Without proper calibration, these issues can lead to inaccurate estimates of marketing channel performance, resulting in poor decision-making on marketing spend and strategy.

1.2 How can we use Bayesian priors to calibrate our models?

In the last article we talked about how Bayesian priors represent our initial beliefs about the parameters in the model, such as the effect of TV spend on sales. We also covered how the default parameters in pymc-marketing were sensible choices but weakly informative. Supplying informative priors based on experiments can help calibrate our models and deal with the issues raised in the last section.

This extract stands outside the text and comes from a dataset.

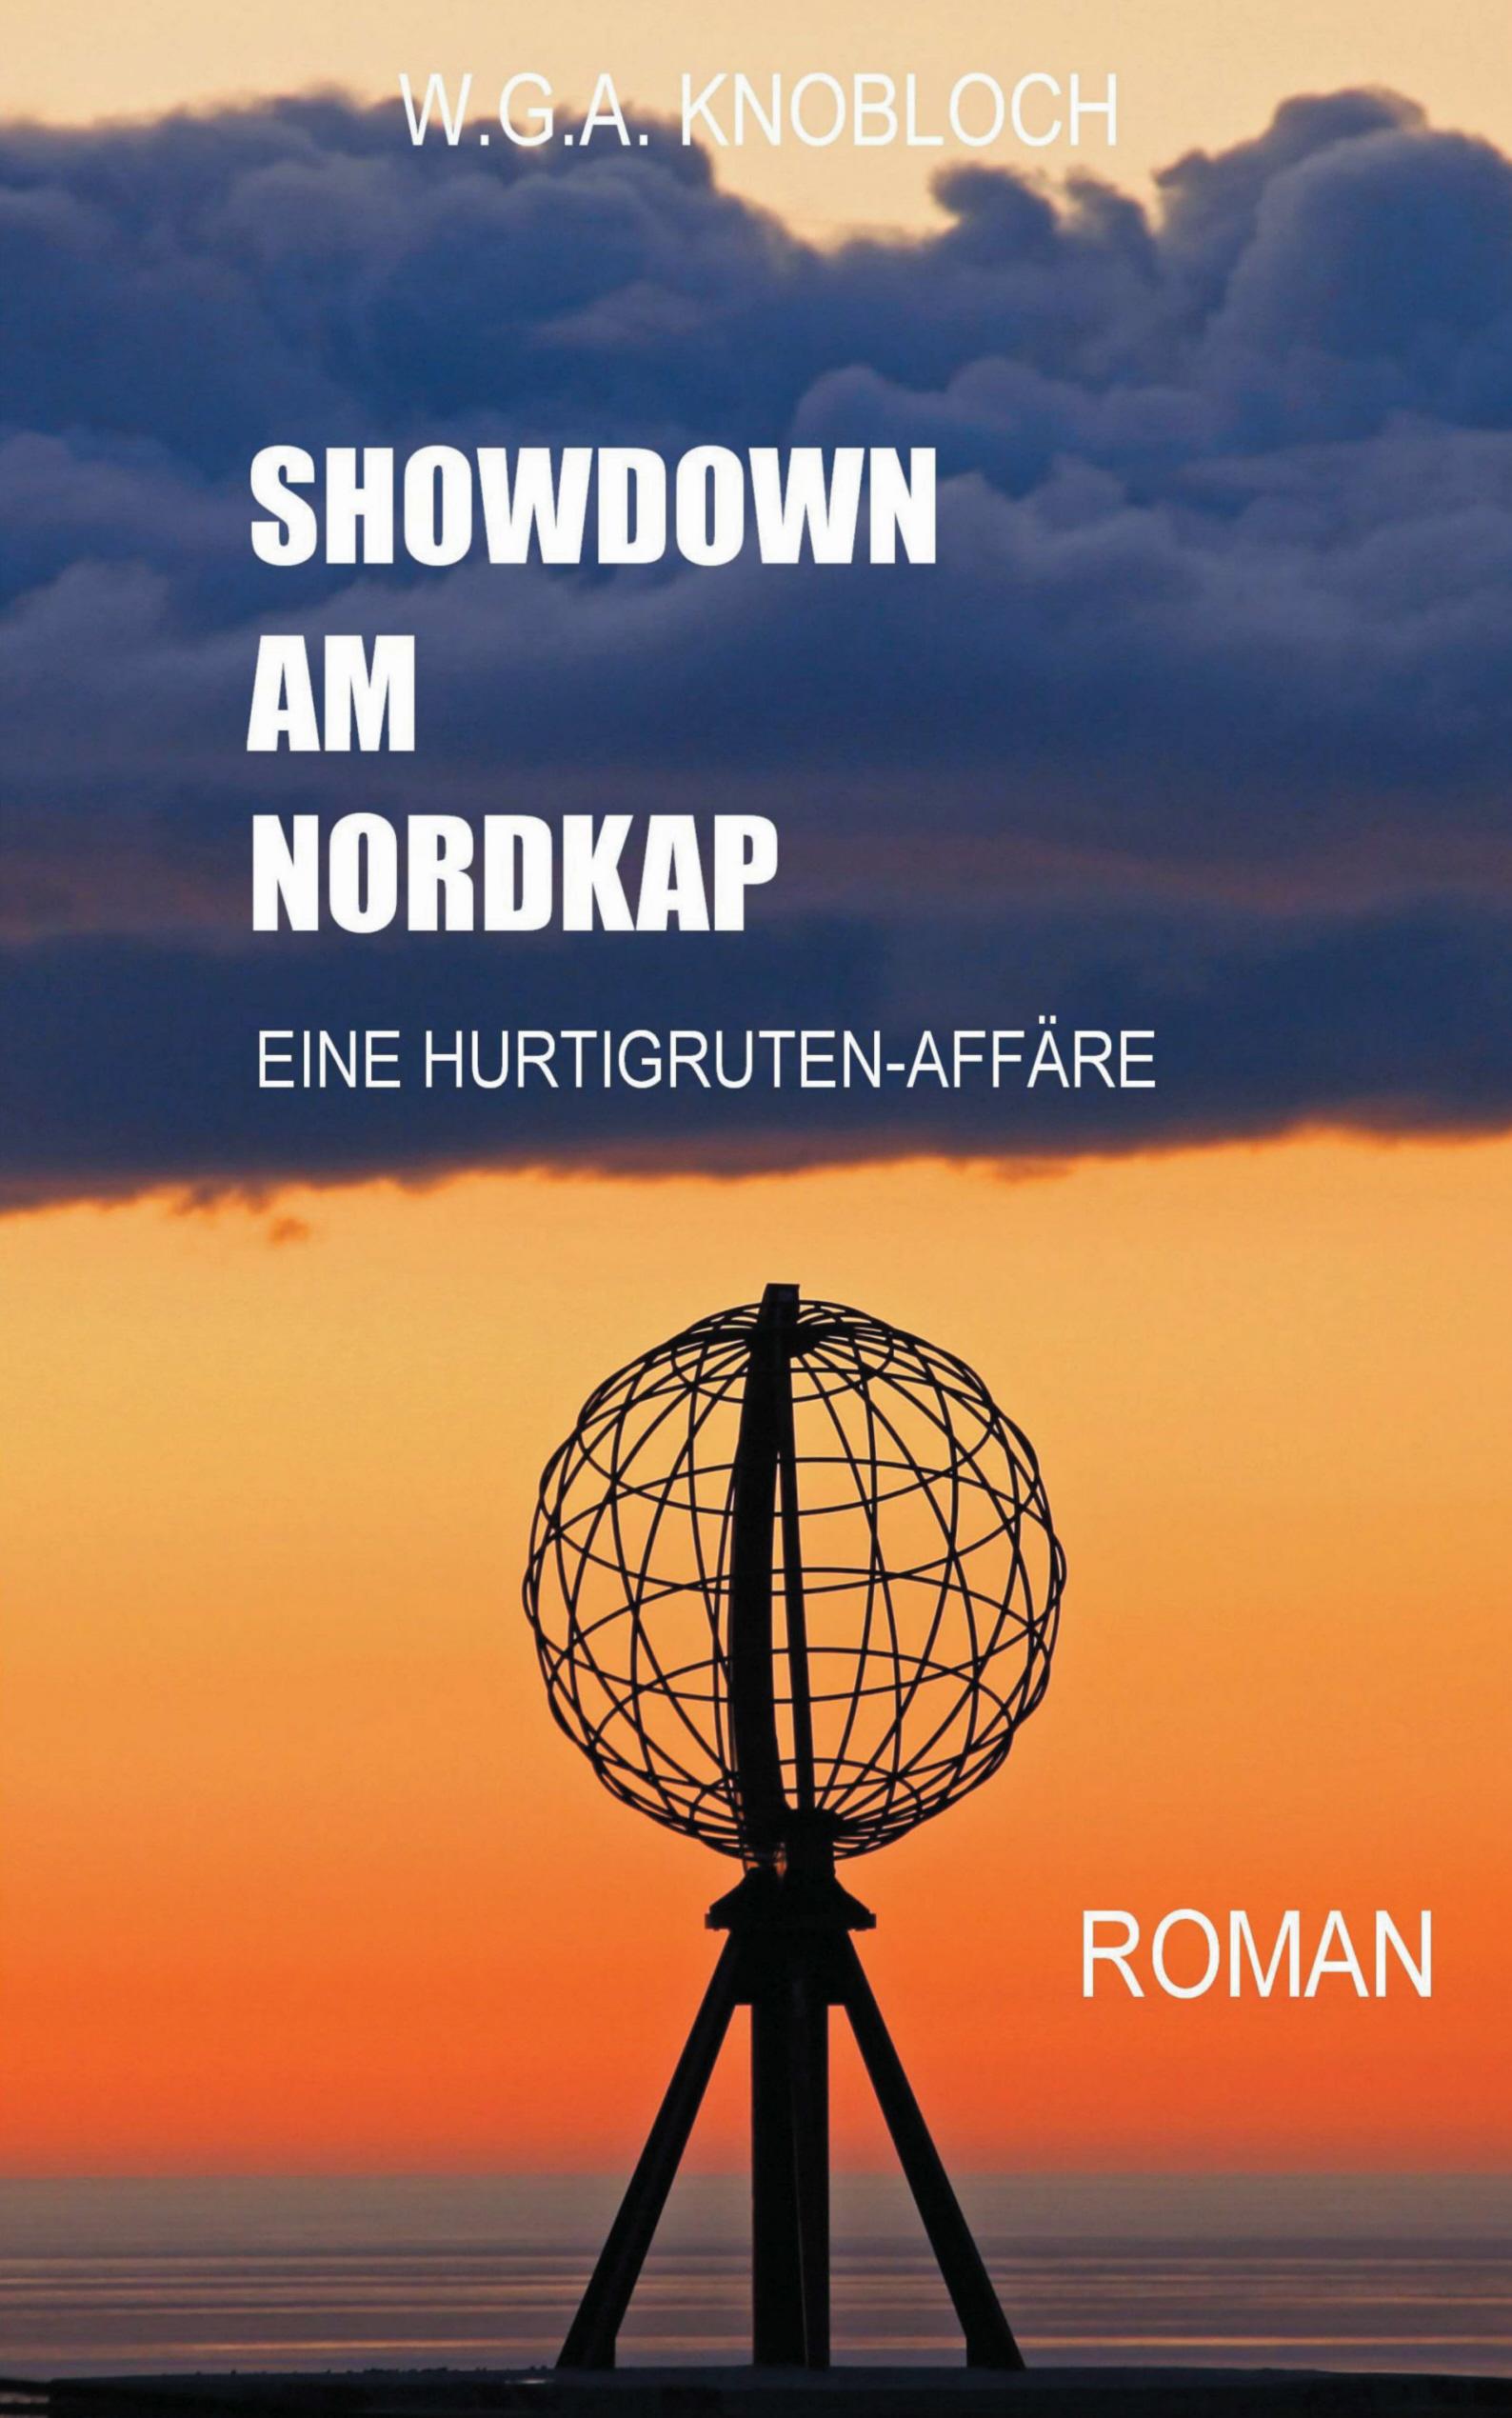 Showdown am Nordkap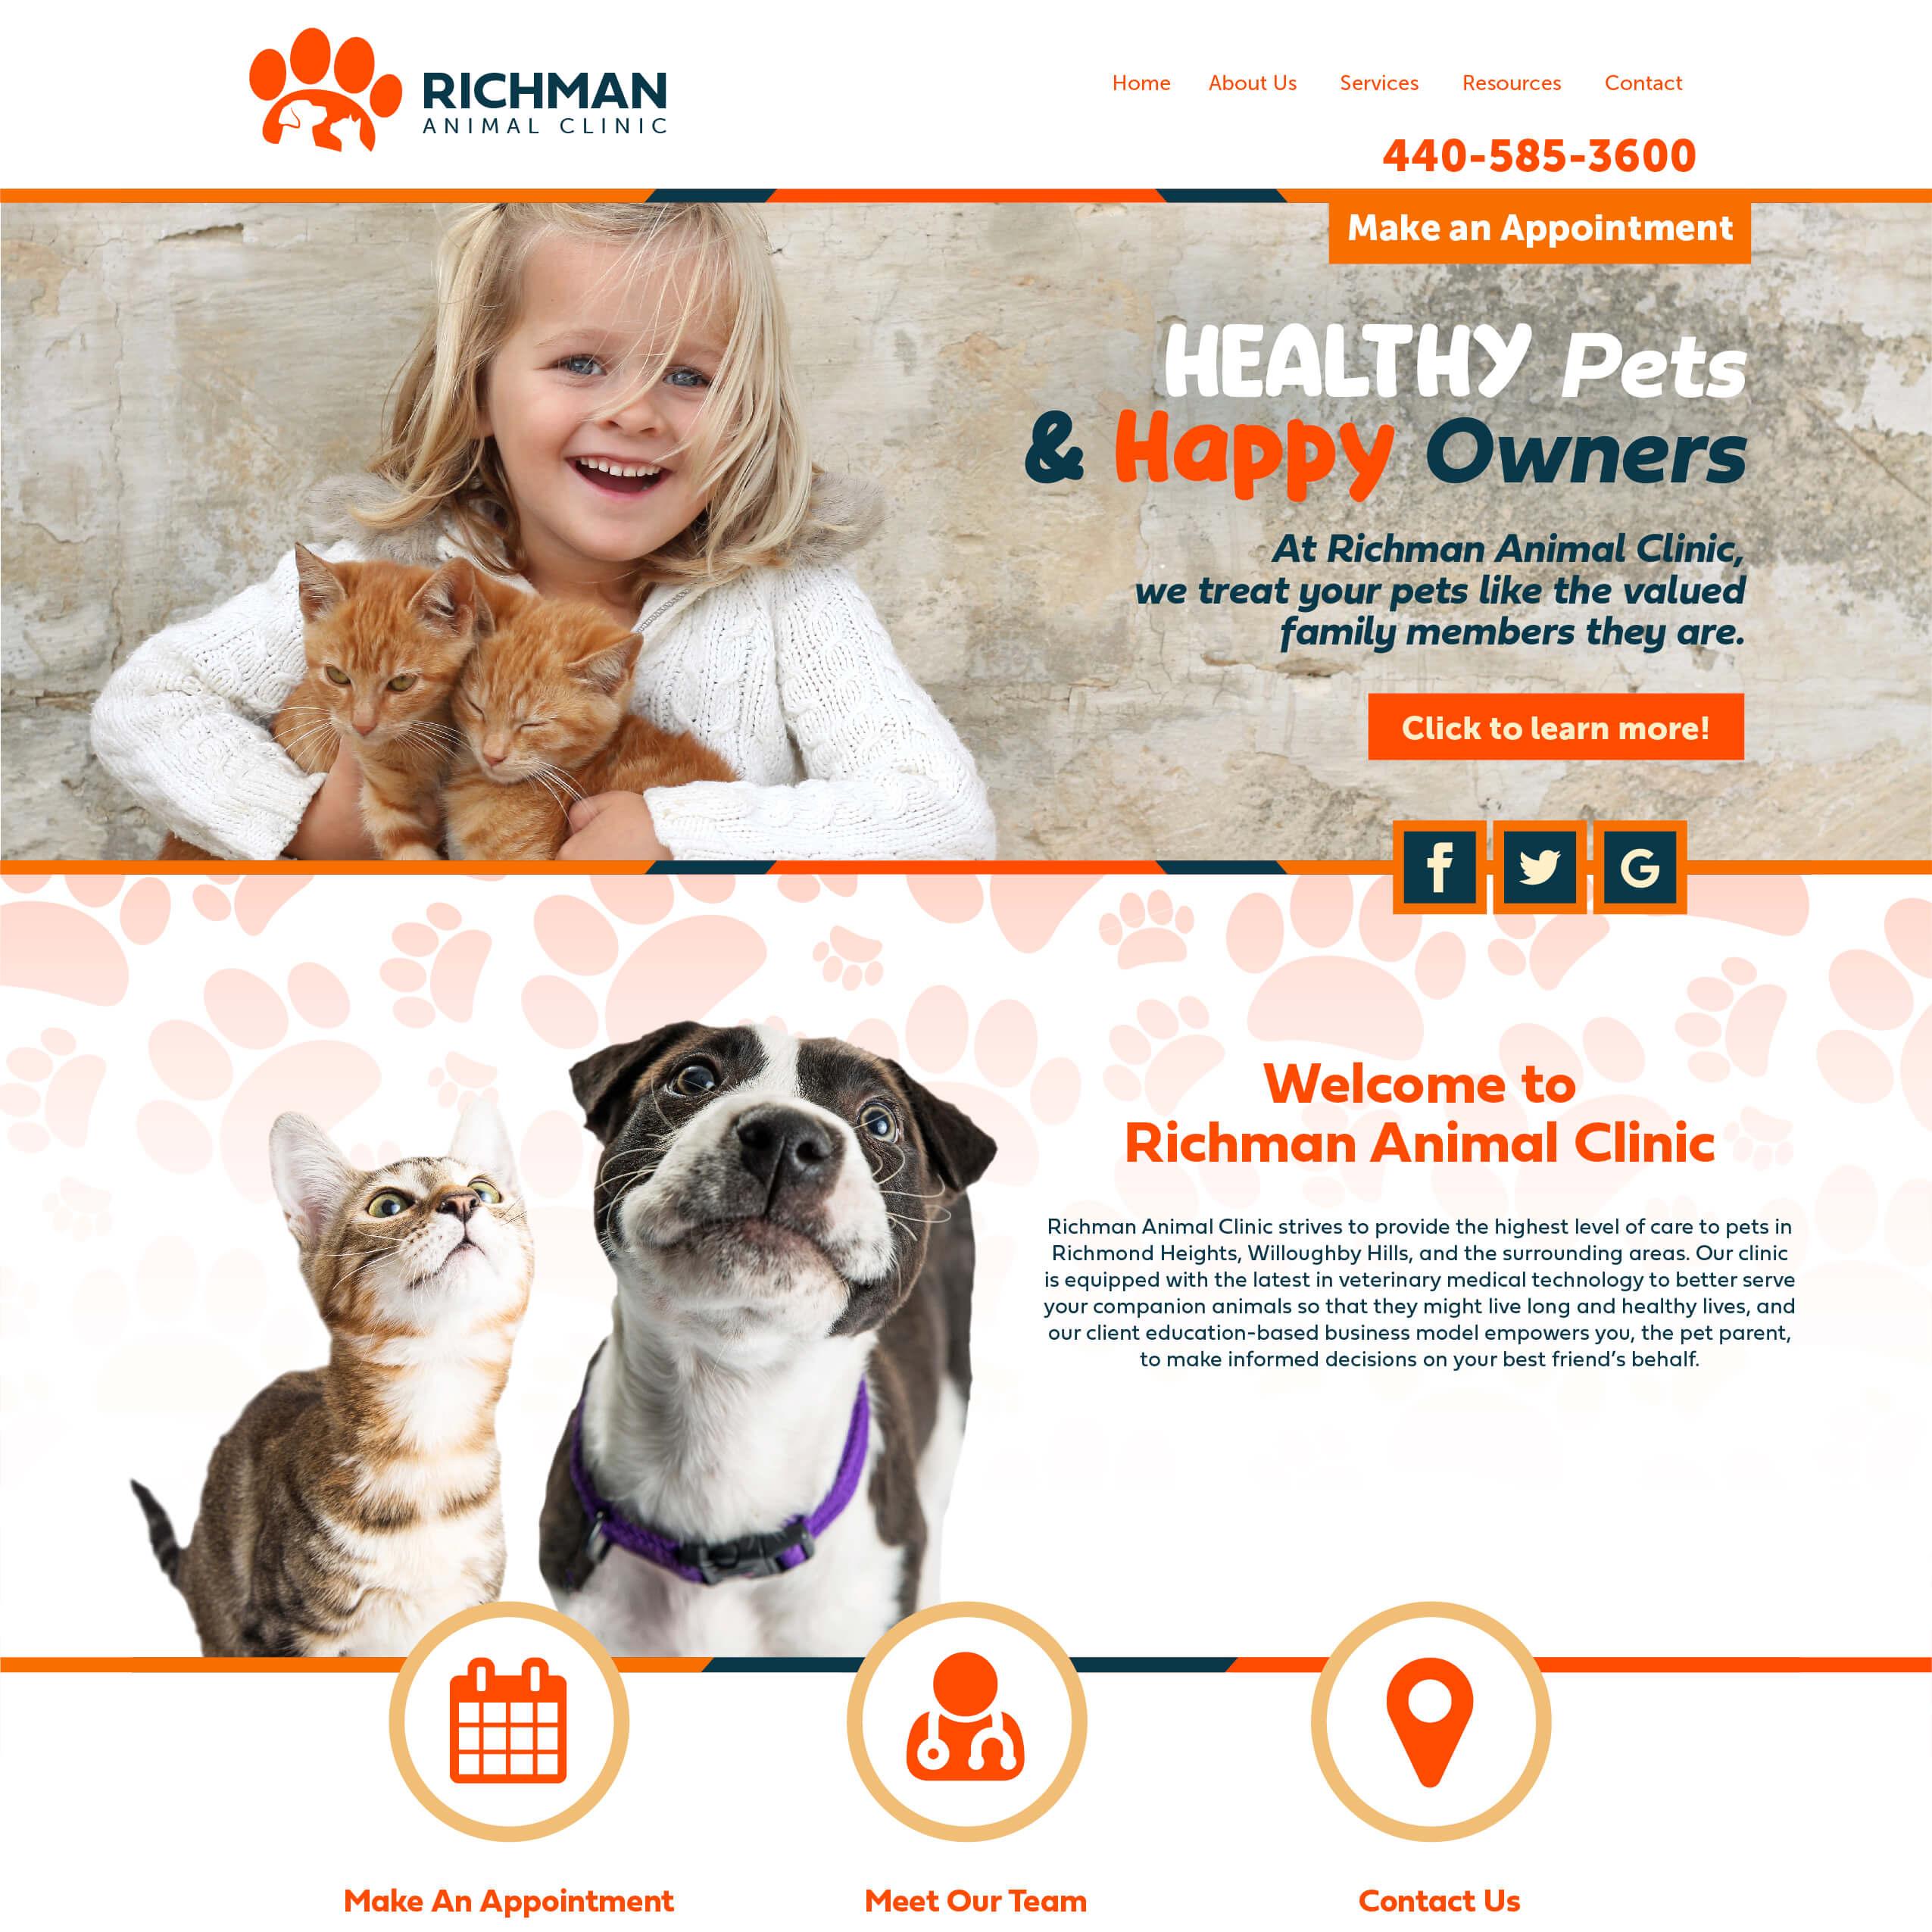 Richman Animal Clinic

User generated image (excalidraw)

There are a couple of ways in which we can supply priors in pymc-marketing:

  • Change the default saturation_beta priors directly like in the example below using a truncated normal distribution to enforce positive values:
model_config = {
'intercept': Prior("Normal", mu=0, sigma=2),
'likelihood': Prior("Normal", sigma=Prior("HalfNormal", sigma=2)),
'gamma_control': Prior("Normal", mu=0, sigma=2, dims="control"),
'gamma_fourier': Prior("Laplace", mu=0, b=1, dims="fourier_mode"),
'adstock_alpha': Prior("Beta", alpha=1, beta=3, dims="channel"),
'saturation_lam': Prior("Gamma", alpha=3, beta=1, dims="channel"),
'saturation_beta': Prior("TruncatedNormal", mu=[0.02, 0.04, 0.01], lower=0, sigma=0.1, dims=("channel"))
}

mmm_with_priors = MMM(
model_config=model_config,
adstock=GeometricAdstock(l_max=8),
saturation=LogisticSaturation(),
date_column=date_col,
channel_columns=channel_cols,
control_columns=control_cols,
)
  • Use the add_lift_test_measurements method, which adds a new likelihood term to the model which helps calibrate the saturation curve (don’t worry, we will cover this in more detail in the python walkthrough):

lift_test - Open Source Marketing Analytics Solution

What if you aren’t comfortable with Bayesian analysis? Your alternative is running a constrained regression using a package like cvxpy. Below is an example of how you can do that using upper and lower bounds for the coefficients of variables:

import cvxpy as cp

def train_model(X, y, reg_alpha, lower_bounds, upper_bounds):
"""
Trains a linear regression model with L2 regularization (ridge regression) and bounded constraints on coefficients.

Parameters:
-----------
X : numpy.ndarray or similar
Feature matrix where each row represents an observation and each column a feature.
y : numpy.ndarray or similar
Target vector for regression.
reg_alpha : float
Regularization strength for the ridge penalty term. Higher values enforce more penalty on large coefficients.
lower_bounds : list of floats or None
Lower bounds for each coefficient in the model. If a coefficient has no lower bound, specify as None.
upper_bounds : list of floats or None
Upper bounds for each coefficient in the model. If a coefficient has no upper bound, specify as None.

Returns:
--------
numpy.ndarray
Array of fitted coefficients for the regression model.

Example:
--------
>>> coef = train_model(X, y, reg_alpha=1.0, lower_bounds=[0.2, 0.4], upper_bounds=[0.5, 1.0])

"""

coef = cp.Variable(X.shape[1])
ridge_penalty = cp.norm(coef, 2)
objective = cp.Minimize(cp.sum_squares(X @ coef - y) + reg_alpha * ridge_penalty)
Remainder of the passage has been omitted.